You need to sit down with wife and MIL and have a civil conversation about boundaries and personal space. Explain your need at least ten minutes notice EVERY TIME she comes upstairs, because your anxiety about potentially being walked in on is legitimate and needs to be addressed; it's exhausting constantly being vigilant and on edge about an intrusion.
Or consider a doorbell for that inside door that she can announce herself and wait several minutes. If she cannot respect your boundaries, put a lock on the door that you'll open after you see her text. Wife can choose to leave it unlocked if you aren't home, but you lock it when you're home so you have control over your personal space.
No-Actuary-9388 said:
ESH. I get that you let using the indoor stairs slide after she had surgery. But YOU need to sit down with your WIFE and have a conversation about re-establishing boundaries and talking with your MIL.
You two need to come up with a game plan TOGETHER. And you need to determine if there’s any particular reason why MIL still feels the need to use the indoor stairs. So you suck for not communicating like an adult.
But you also suck because…. Bro…. Just shut the door when you use the bathroom and don’t walk around naked?? I get that it’s your home and that you should be able to do what you want, but until things get resolved you’re just making it worse. You are MAKING this more stressful than it needs to be.
You KNOW she doesn’t give good warning. Yet instead of being like “yeah, I’m gunna shut the bathroom door until we get this resolved” you’re trying to make some insane texting rule that you want to try to enact with some “certain number of minutes” rule, which STILL won’t ever guarantee that you’ll actually SEE the text.
Now you’re using a text (seen or not) as ammunition and a way to point fingers.
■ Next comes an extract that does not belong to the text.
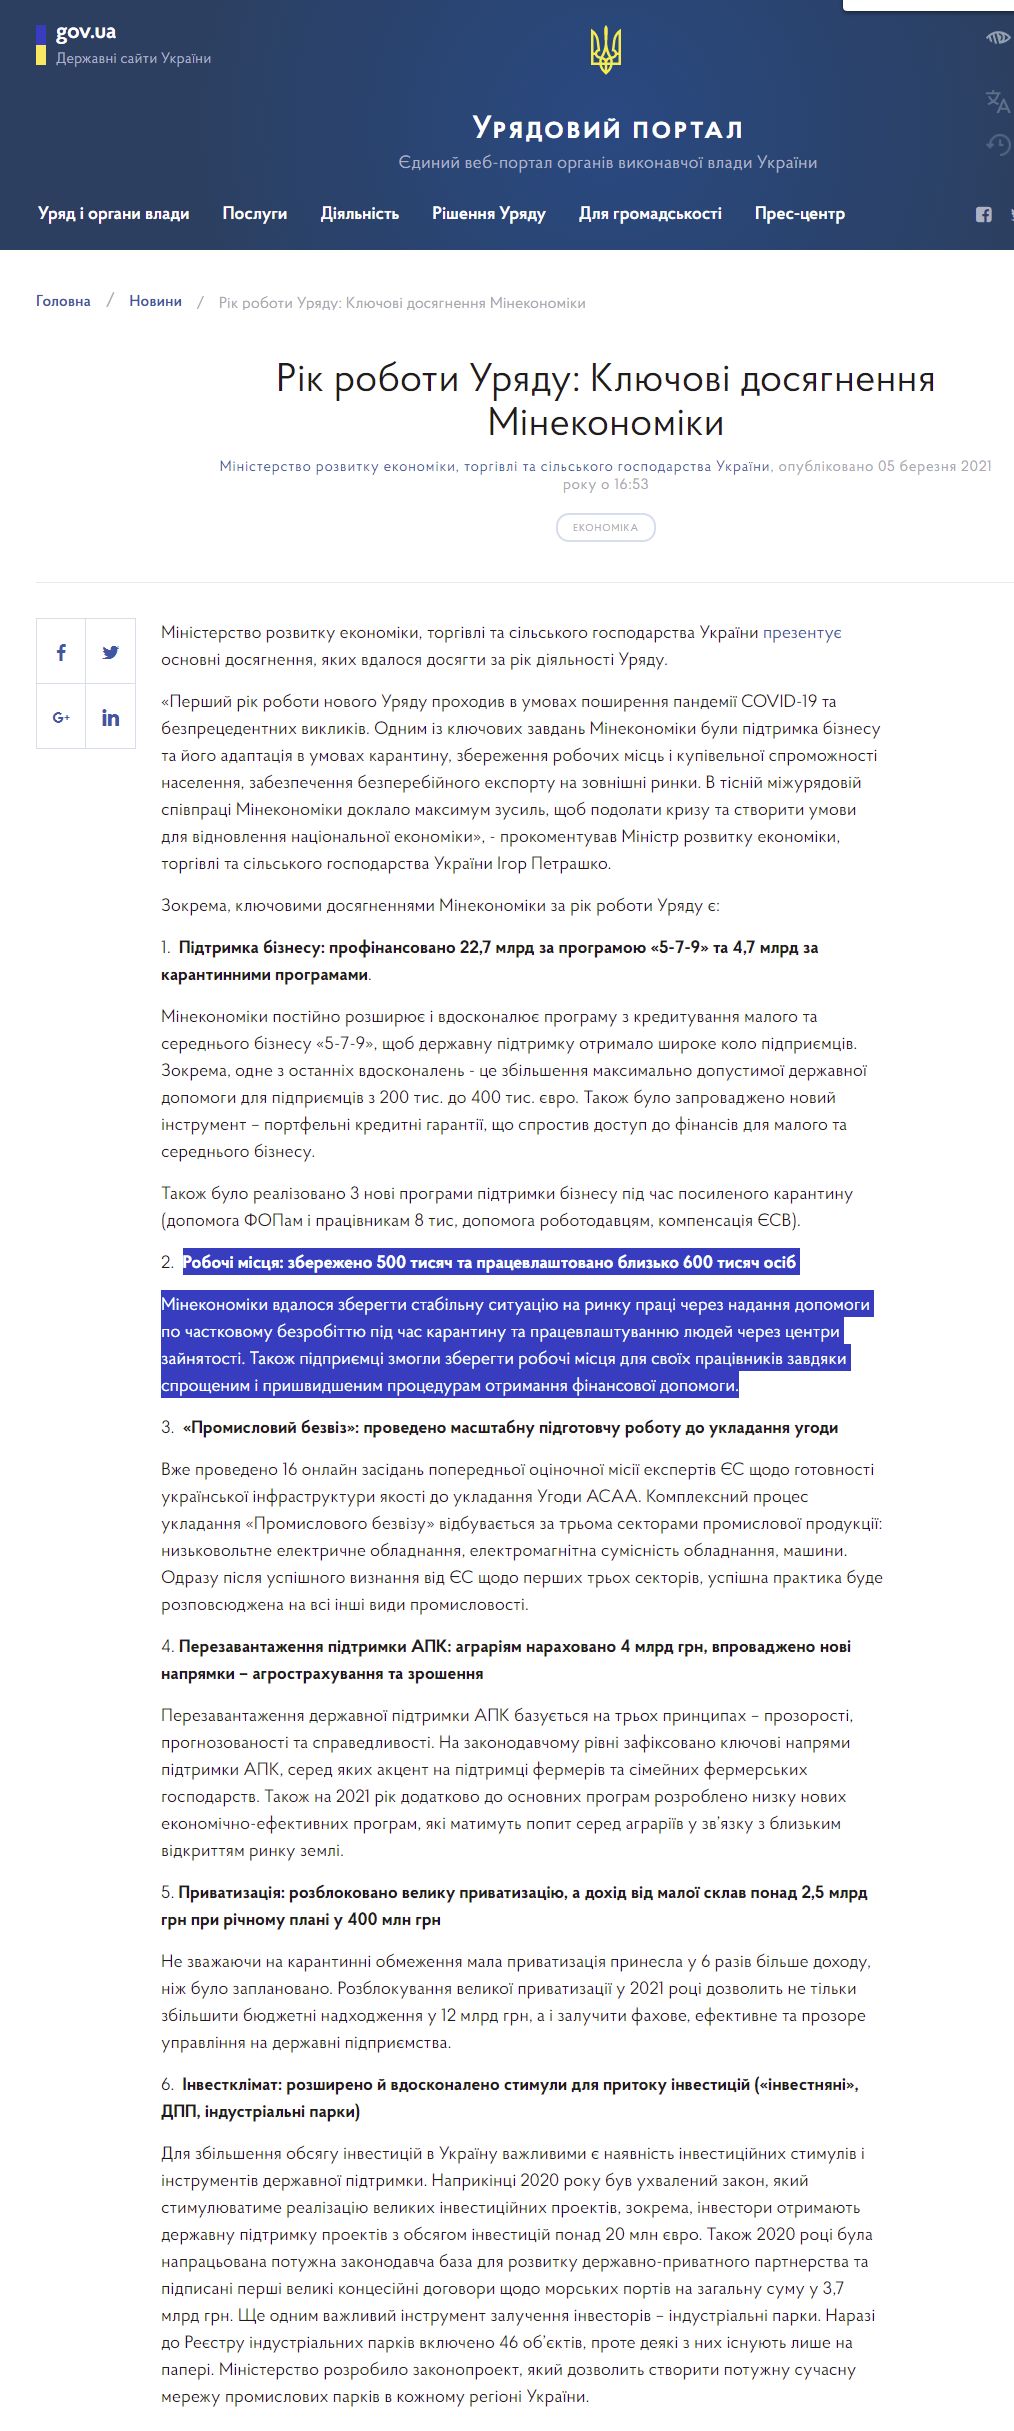 https://www.kmu.gov.ua/news/rik-roboti-uryadu-klyuchovi-dosyagnennya-minekonomiki
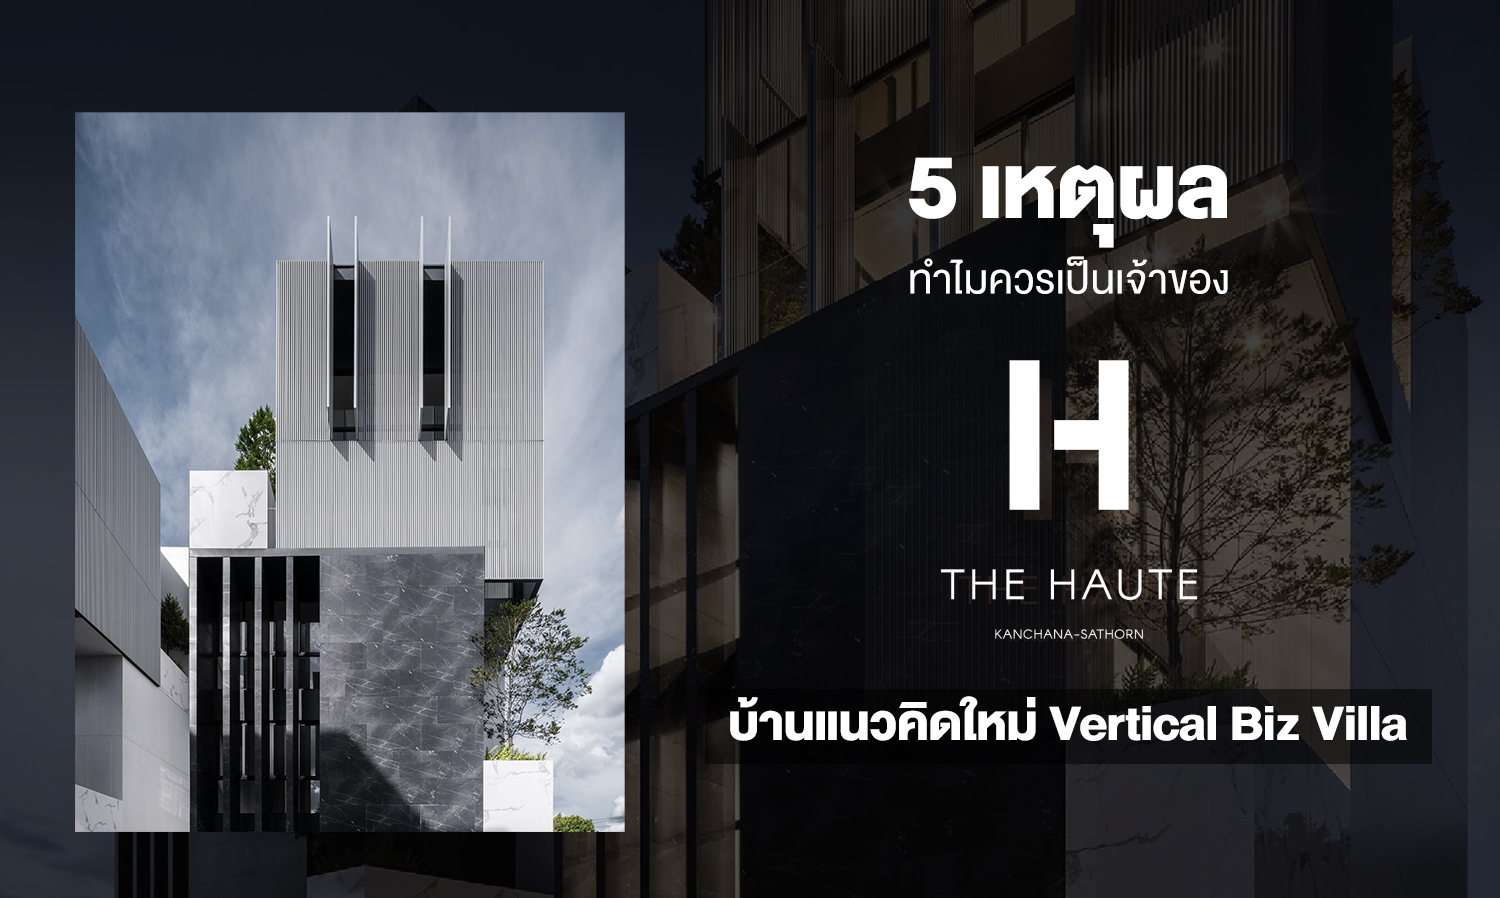 5 เหตุผล ทำไมควรเป็นเจ้าของ The Haute กาญจนา-สาทร  บ้านแนวคิดใหม่ Vertical Biz Villa

The text thing ain’t working. Stop having hissy fits over it. Have an actual conversation with your wife about her mother using the outside stairs again.
Your wife sucks for not dealing with this. You’re her partner. You’re clearly frustrated. And instead of trying to find a solution she’s just making it worse by not being a mediator. And your MIL sucks for the obvious reasons of not abiding by the original rules or at least communicating with you as to why she’s still having to come through the house.
downtocowtown said:
YTA. Your MIL also owns this house but you're trying to act like her landlord. You agreed to this situation, you let this text to use the stairs thing fester, and it sounds like you're just looking for things to pick apart.
slap-a-frap said:
YTA - she did text before she came in. You just didn't check your phone: 2 more hours pass and I hear the door open. I check my phone and there's a "coming up" text from my MIL at 4:59PM. It's 5:01PM when I hear the door.
Are you saying that you want your MIL to plan out her entire day and text you ahead of time when she will be leaving? Seriously?!?! It sounds like you are just hard up on not liking the living arrangements that you all agreed to. She's texting you according to plan.
Ok_Researcher9553 said:
YTA. She is old, hard for her to move. Have you thought of swapping areas of the house? She can't possibly continue to go up and down the stairs to appease you.
1568314 said:
ESH Y'all need a new plan. Everyone but you seems to feel that the readjustment made to the original plan are fine and make mom more comfortable. It's no one's fault but yours that you haven't brought to up that this doesn't work for you and want to go back to the original agreement.
It was honestly super dumb to buy a house with MIL and expect to banish her to the back stairs. She lives in your house. You're going to see her.
LopsidedLetterhead95 said:
You consistently need more than a 2-minute warning just so your elderly MIL, who had back surgery, can take the easier route through the house to leave? How much weird sh$t are you doing in your house that you need time to cover up? YTA.